Particularly when Wonder Pets are on.
Anyway, it’s good we finally tracked down Steyn’s piece, because it makes one helluva point – namely that all the “Yes, we can!” suckers who lent their youthful vibe to “The One” will end up having to pay for that decision every single day for the rest of their lives.
Sound depressing?
From Steyn’s article, “The Brokest Generation,” we read:
Are you sure you young folks will be able to pay off this massive Mount Spendmore of multi-trillion-dollar debts we’ve piled up on you?
“Yes, we can!”
We thought you’d say that! God bless the youth of America! We of the Greatest Generation, the Boomers, and Generation X salute you, the plucky members of the Brokest Generation, the Gloomers, and Generation Y, as in “Why the hell did you old coots do this to us?”

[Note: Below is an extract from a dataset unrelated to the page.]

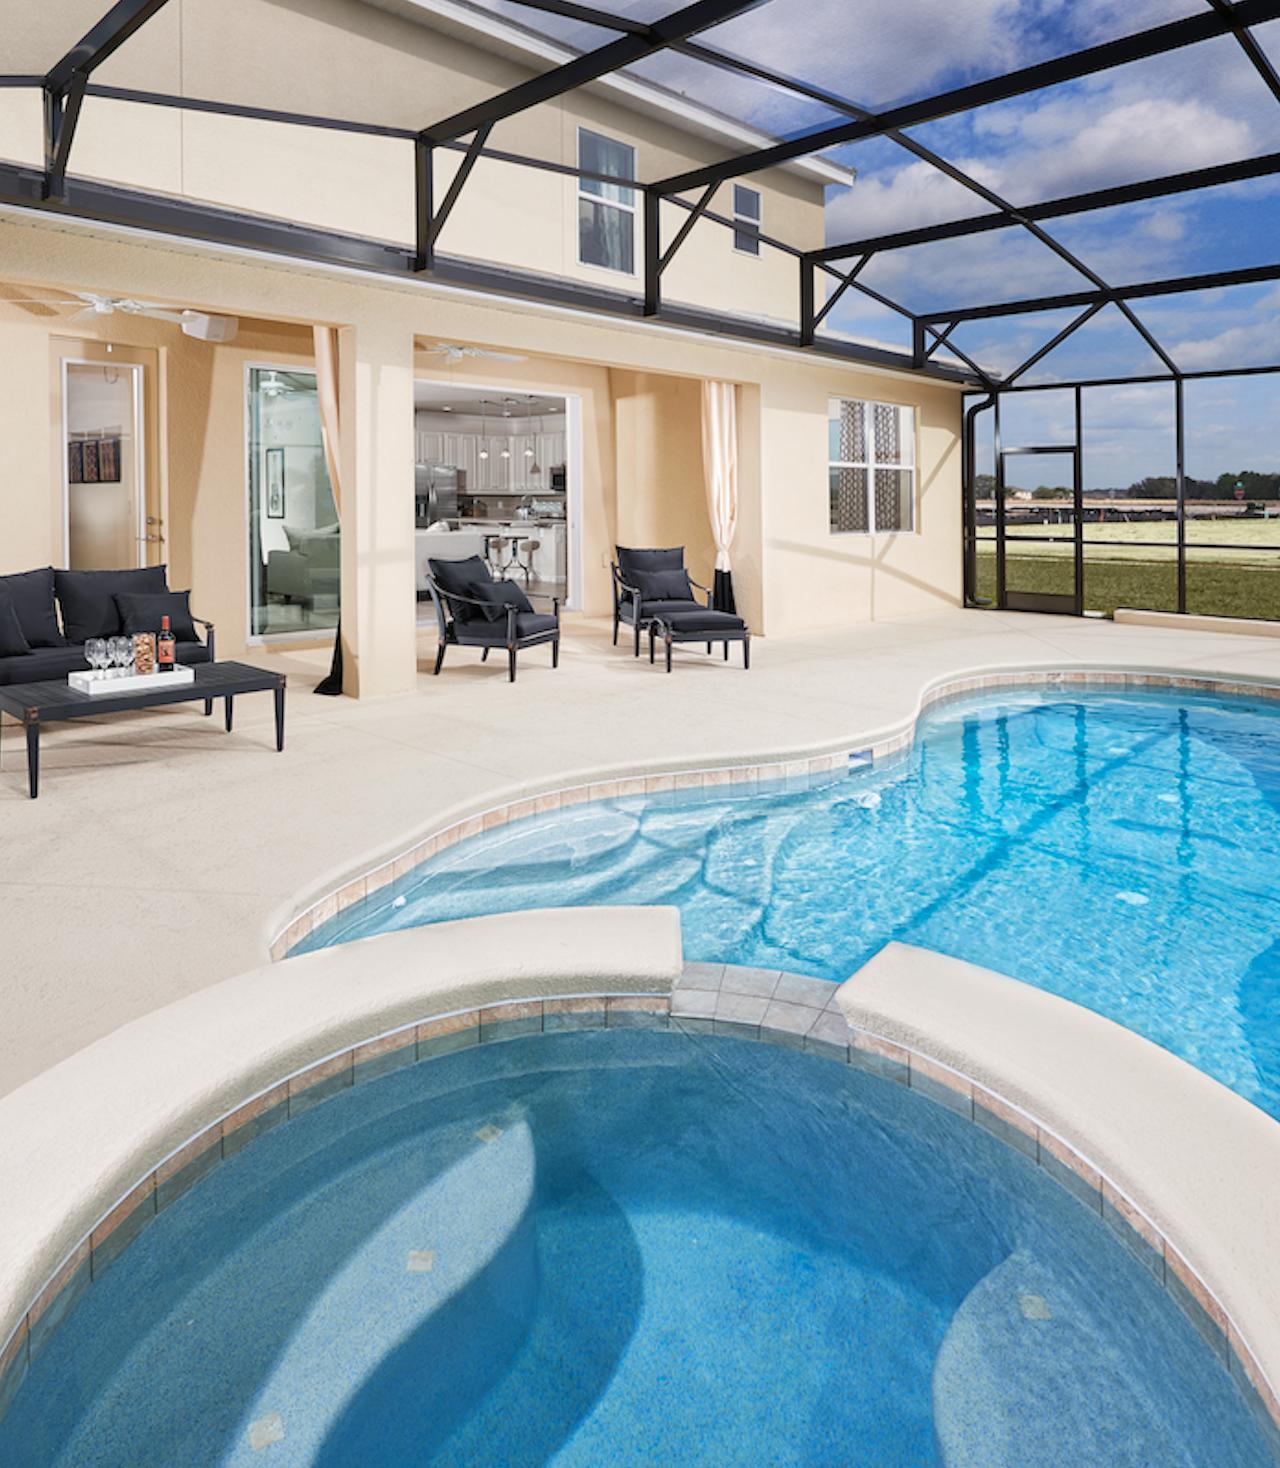 featured image of Sonoma at Bellavida Resort

Because, as politicians like to say, it’s about “the future of all our children.” And the future of all our children is that they’ll be paying off the past of all their grandparents. At 12 percent of GDP, this year’s deficit is the highest since the Second World War, and prioritizes not economic vitality but massive expansion of government. But hey, it’s not our problem. As Lord Keynes observed, “In the long run we’re all dead.” Well, most of us will be. But not you youngsters, not for a while. So we’ve figured it out: You’re the ultimate credit market, and the rest of us are all pre-approved!
Steyn goes on to refer to the endless bailouts as the “biggest generational transfer of wealth in the history of the world,” and he has a wonderful description of one of the most obvious (and yet seldom-discussed) examples of Barack Obama’s hypocrisy …
The Teleprompter Kid says not to worry: His budget numbers are based on projections that the economy will decline 1.2 percent this year and then grow 4 percent every year thereafter. Do you believe that? In fact, does he believe that? This is the guy who keeps telling us this is the worst economic crisis in 70 years, and it turns out it’s just a 1 percent decline for a couple more months and then party-time resumes?
Like the guy in Trading Places said, “Yeah.”
Anyway, we plan on putting Sic Willie’s little girl straight to work as soon as she pops out. After all, it’s looking like she (and her parents) won’t have much of a choice in the matter.